Why is that if $X \sim \operatorname{Poisson}(1)$ then $E(3^X) = e^{2} $?

Question

Why is that if $X \sim \operatorname{Poisson}(1)$ then $E(3^X) = e^{2} $?

I'm trying to derive a general formula for $E(3^X) $, but without luck.
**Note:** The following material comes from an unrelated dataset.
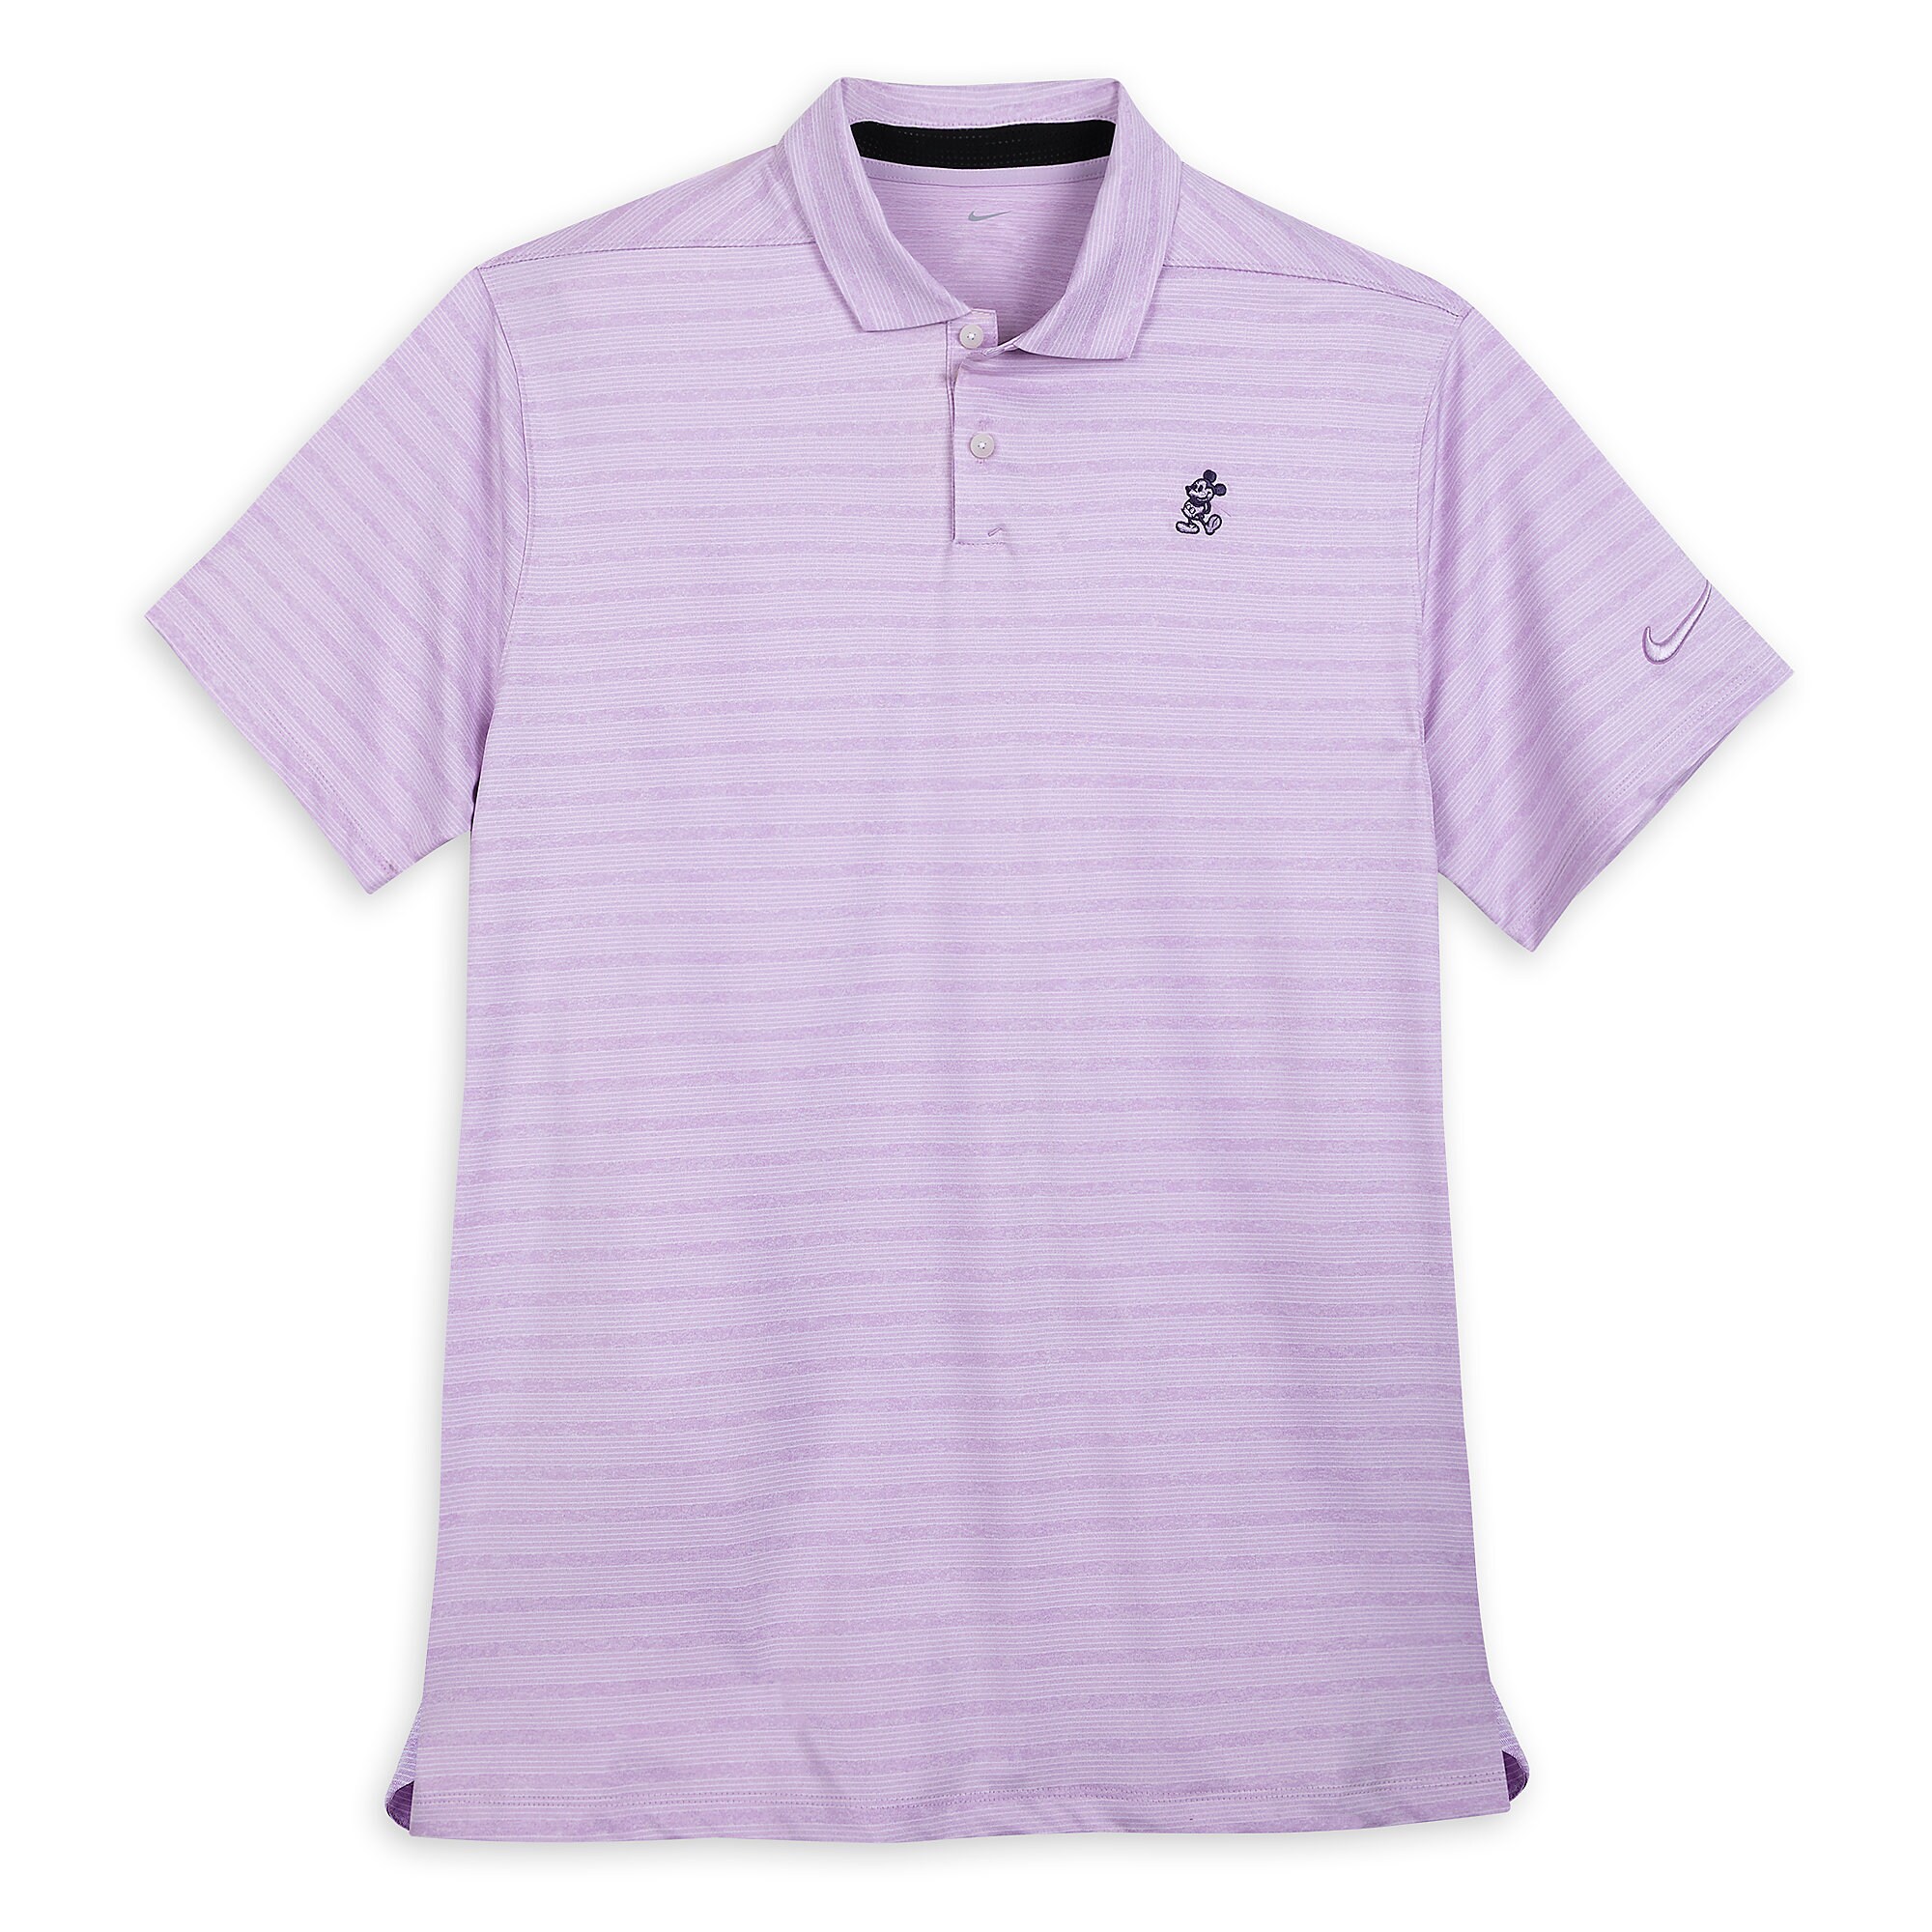 Mickey Mouse Polo for Men by Nike - Lilac

Any help is appreciated!

Answer 1

Recall that for a Poisson distribution, $$\sum_{k = 0}^\infty e^{-\lambda} \frac{\lambda^k}{k!} = 1$$ for some $\lambda>0$.

Since $X$ is a discrete random variable, then using the formula $$E[g(X)] = \sum_{k = 0}^\infty g(k)P(X = k),$$ we have $$E[3^X] = \sum_{k = 0}^\infty 3^k\cdot e^{-1}\frac{1^k}{k!} = e^{-1}\cdot e^{3}\underbrace{\sum_{k=0}^\infty e^{-3}\frac{3^k}{k!}}_{1} = e^2.$$

Answer 2

I think we have to follow the definition $E(g(X)) = \sum_{x=0}^{\infty} g(x) \cdot f(x)$. But we have that $f(x) = e^{-\lambda} \cdot \frac{\lambda^x}{x!}.$

Thus, setting $g(x) =3^x$, we have: $$E(3^X) = \sum_{x=0}^{\infty} 3^x \cdot e^{-1} \cdot \frac{1^x}{x!}=\frac{1}{e}\sum_{x=0}^\infty \frac{3^x}{x!} =\frac{1}{e}\cdot e^{3}=e^2.$$